A driving instructor is a person who is hired by a new driver who is learning how to improve their skills - often for an upcoming practical test. Different countries have different rules regarding permits and other regulations. Driving instructors have several tasks such as teaching new drivers the theory and techniques needed to carefully operate various types of vehicles such as cars, motorcycles, trucks and buses. A driving instructor has several names and can be recognized as: Auto Driving Instructor, Educator, Instructor, Teacher or Truck Driving Instructor.

Duties and responsibilities

The duties and responsibilities of a driving instructor are to manage the theory class timings, teach the driving students about the right traffic rules and inform student drivers with safety driving procedures. In addition to that, driving instructors supply their students with information about emergency situations.

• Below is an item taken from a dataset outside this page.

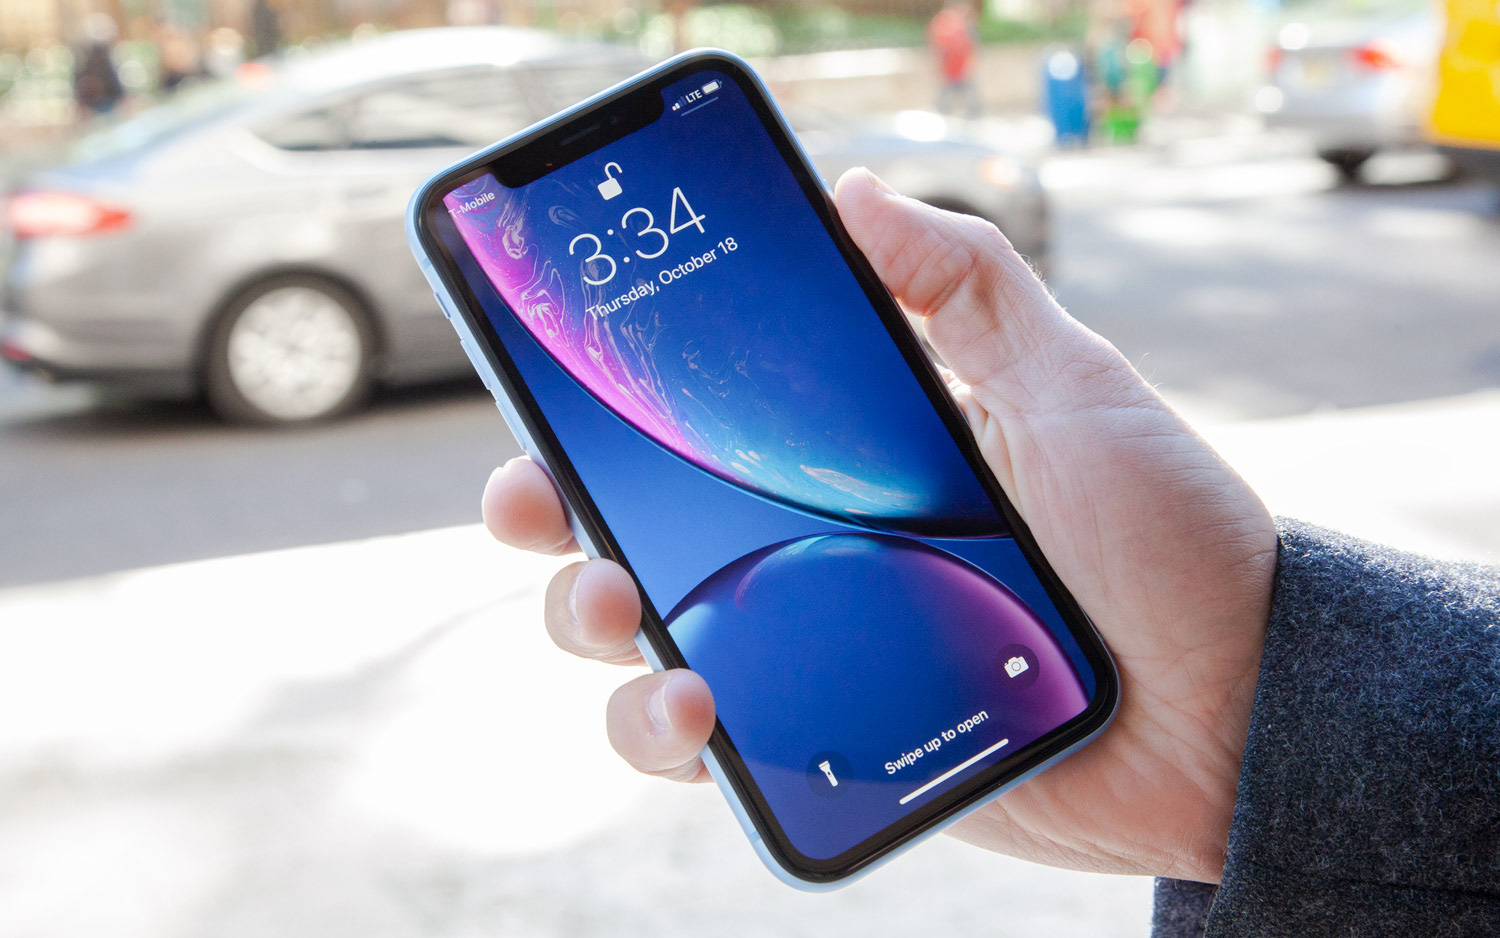 Buy Unlocked iPhone XR, Get 3 Free Months of Service Tom's Guide

After the classes about theory knowledge, driving instructors help their driving students in practically learning how to drive a car individually. At the beginning, the driving instructor teaches the student how to use a steering wheel, how to reverse and how to park. In addition, the driving instructor advises the student about their level of improvement in practical driving and then the student is informed about the date of practical test on the road.

Characteristics of a driving instructor

A driving instructor must possess several characteristics in order to help the new driving student understand the theory of driving and also in order for the student to practically operate the vehicle.
Some of the characteristics required in a driving instructor include confidence, patience and good communications skills. On top of that, a driving instructor must be able to acquire good teaching skills.

Working hours

The working hours of a driving instructor must be adjustable enough to suit the needs of the student. In general, driving instructors might need to work during the evening and sometimes even during the weekend. Additionally, instructors may require working longer hours during the summer months according to the availability of the driving student.

Salaries

Salaries of a driving instructor vary from country to country. For example, in the United Kingdom, a beginner driving instructor makes about £15,000 a year while an experienced driving instructor makes about £30,000 a year.

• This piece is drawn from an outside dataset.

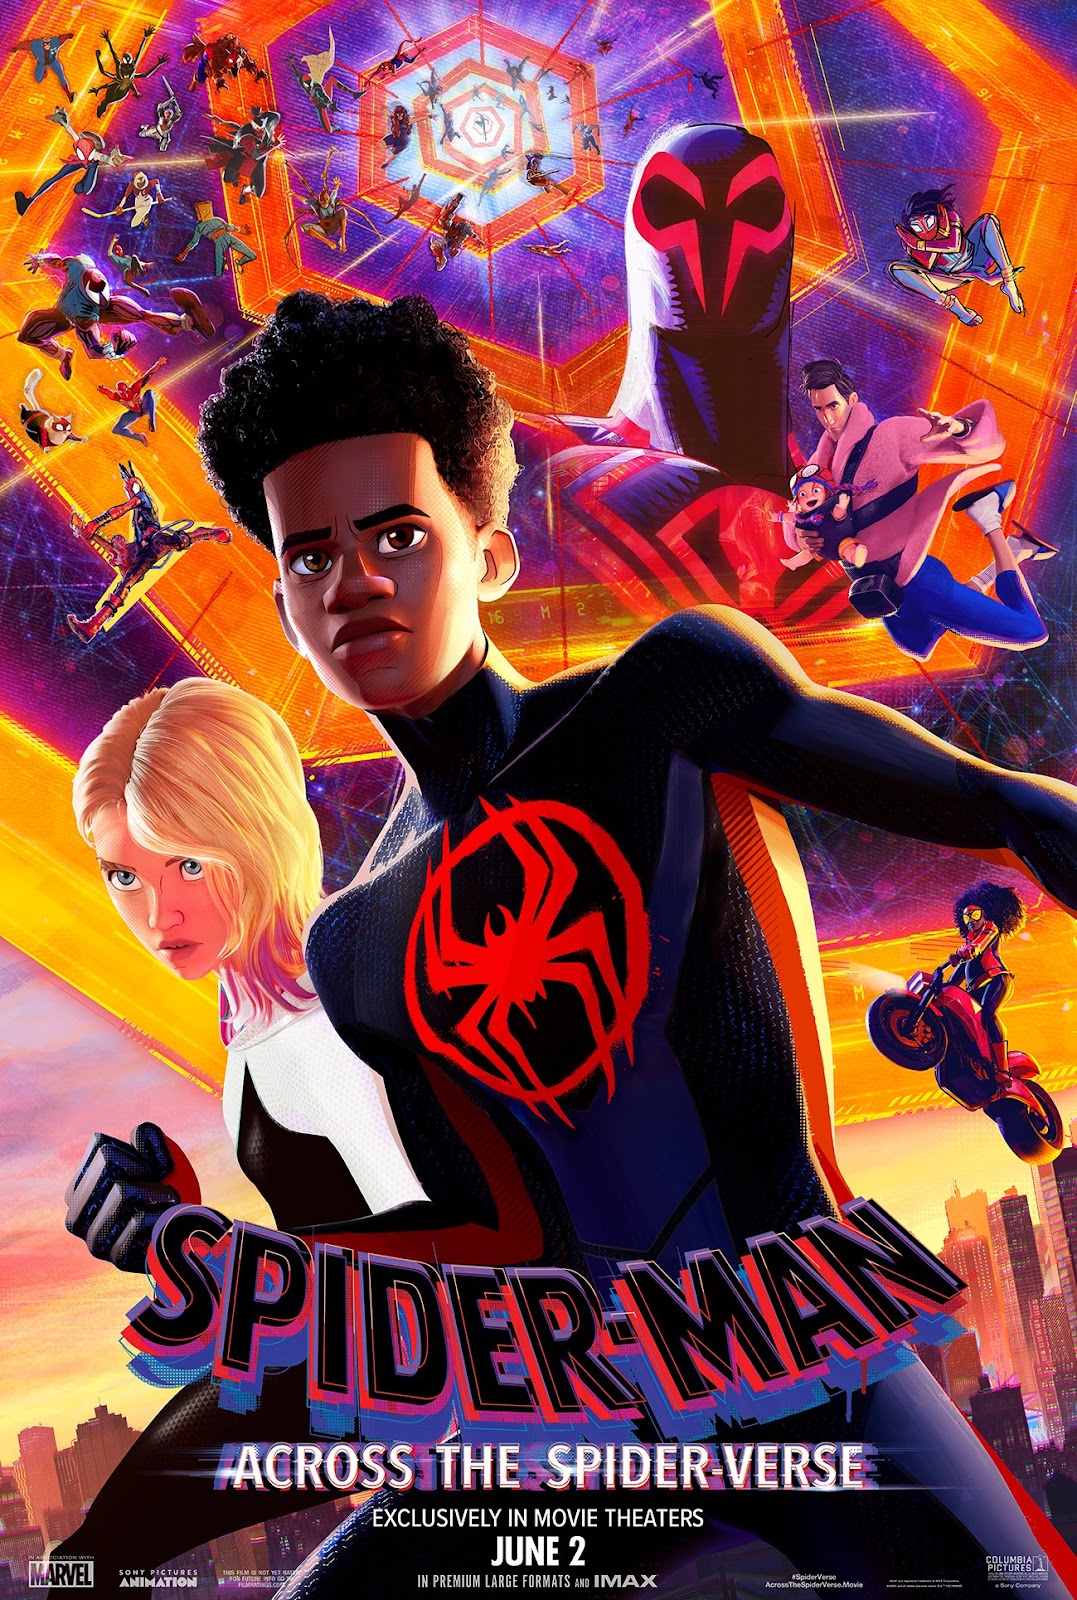 Metro Boomin - METRO BOOMIN PRESENTS SPIDER-MAN: ACROSS THE SPIDER-VERSE  (SOUNDTRACK FROM AND INSPIRED BY THE MOTION PICTURE) Lyrics and Tracklist

In the United States, a driving instructor with medium experience gains around $36,000 a year while an experienced driving instructor makes around $53,000 a year.

Requirements to be a driving instructor

To be eligible to be a driving instructor, one must possess several requirements such as obtaining a high school diploma (College/University degree is not compulsory), owning a driving licence and a driving instructor licence as well, gaining driving experience of 2–5 years (varies according to different countries), having clean driving records, passing driving instructor vision test and the driving instructor must sometimes be at least 21 years old. 
The job openings of a driving instructor differ according to the growth of the population.

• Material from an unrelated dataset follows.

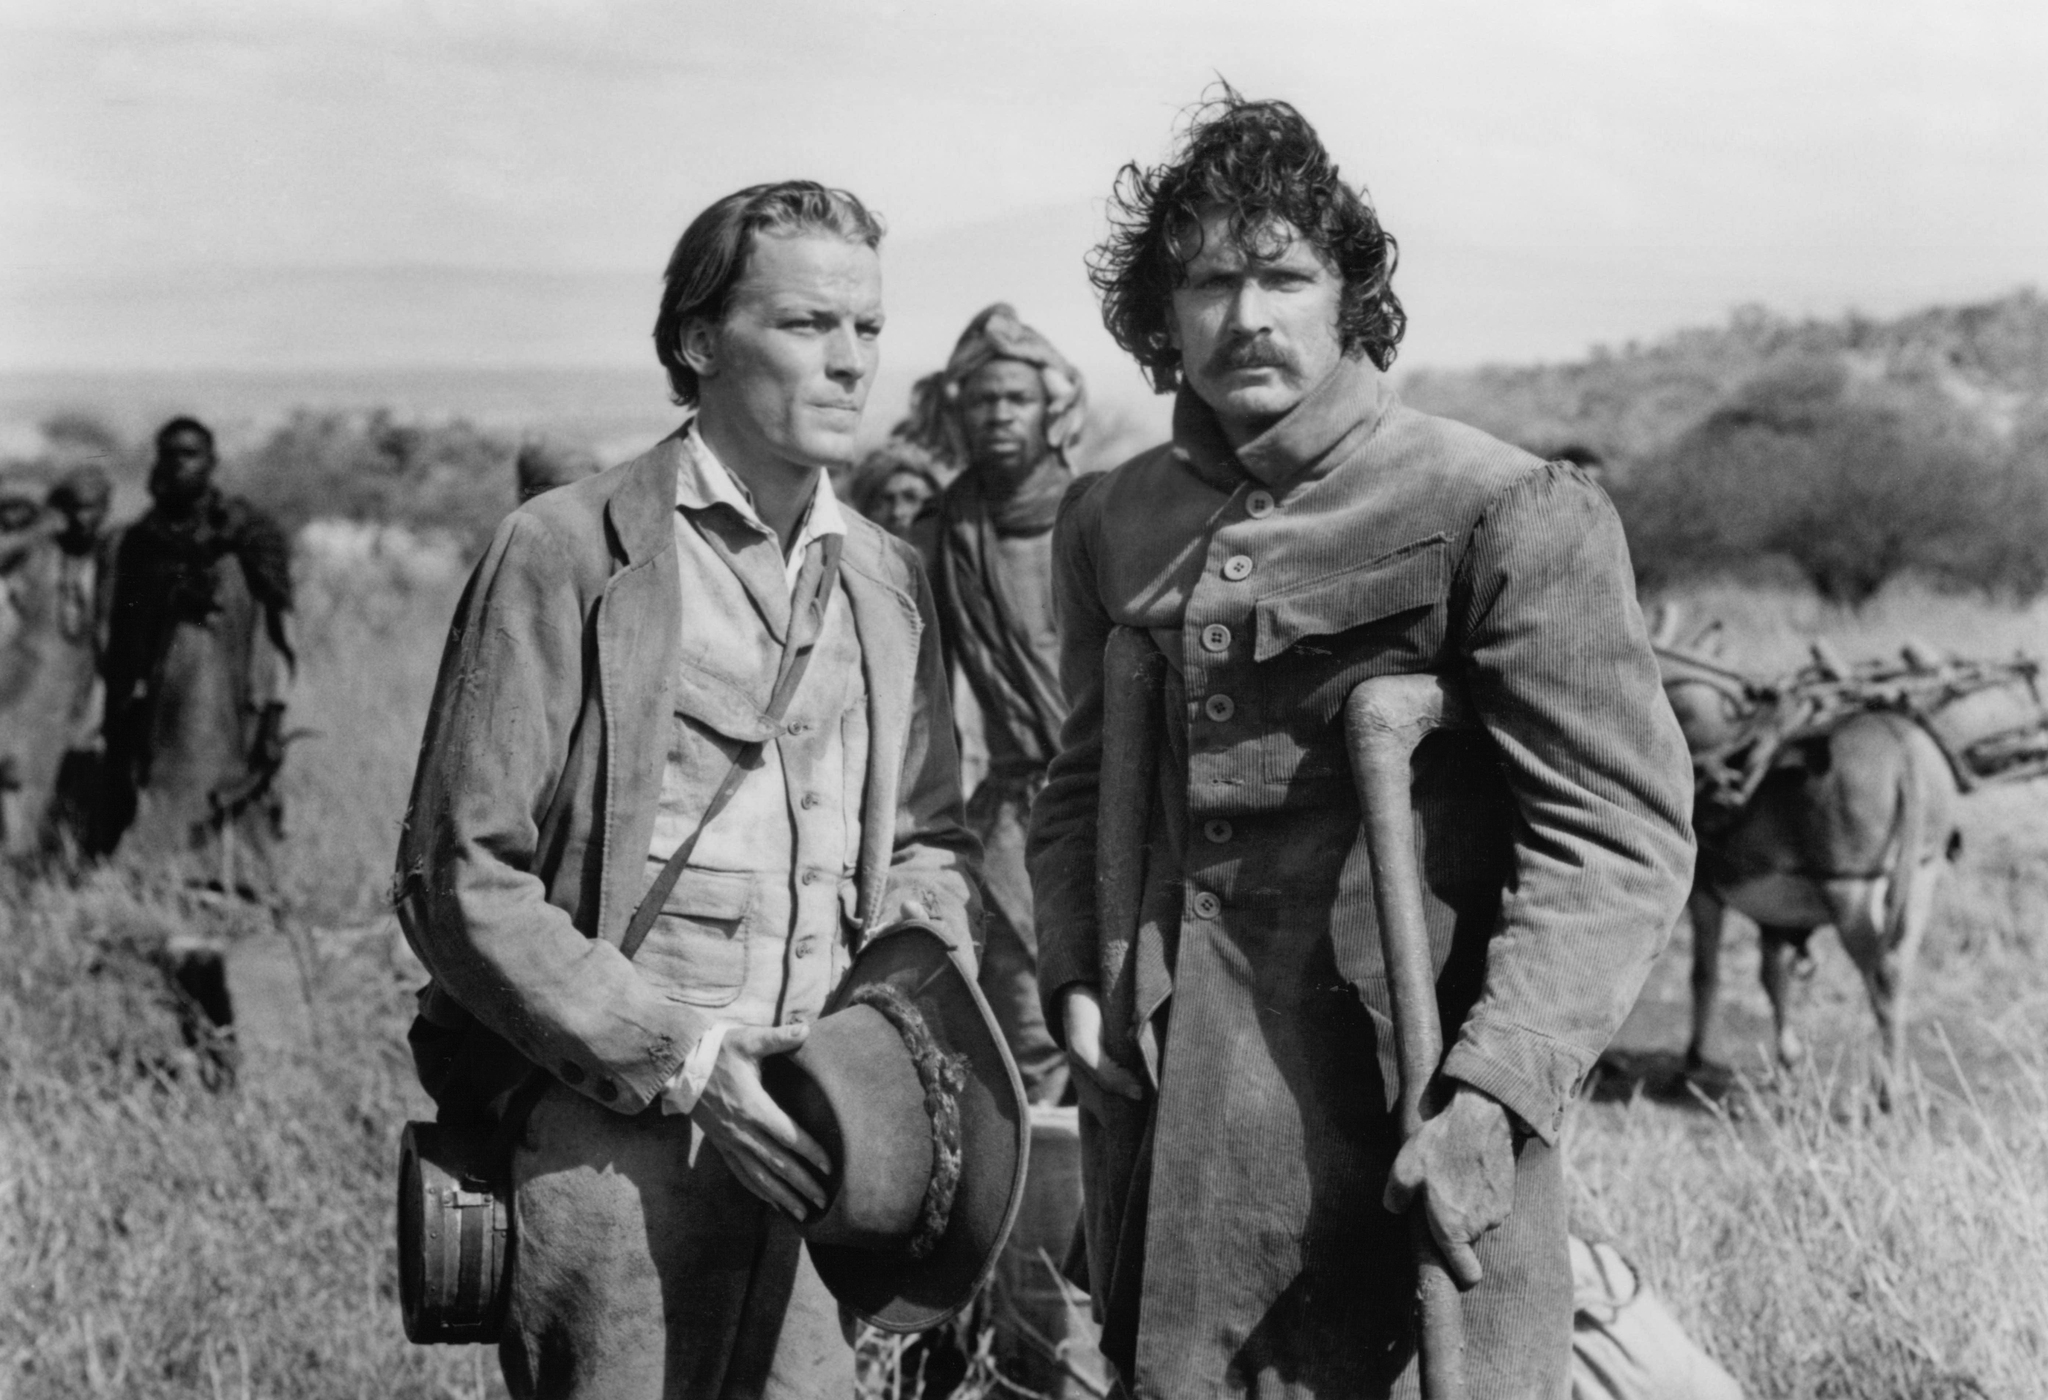 Still of Patrick Bergin and Iain Glen in Mountains of the Moon (1990)

Coursework to be a certified driving instructor

There are a few course topics that much be covered to be a certified driving instructor. Some topics are: regulations of driving, knowledge of the components of different types of vehicles and skills on teaching theory in the classroom.

For example, to become an Approved Driving Instructor in the UK, you must first pass 3 different exams. Theory, driving and teaching.

In countries like Singapore, teachings by all private driving instructor have been regulated by the Government of Singapore such that only schools like Comfort Delgro Driving Center, Singapore Safety Driving Center and Bukit Batok Driving Center still actively recruit and train driving instructors. Private driving instructors are slowly being phased out in Singapore.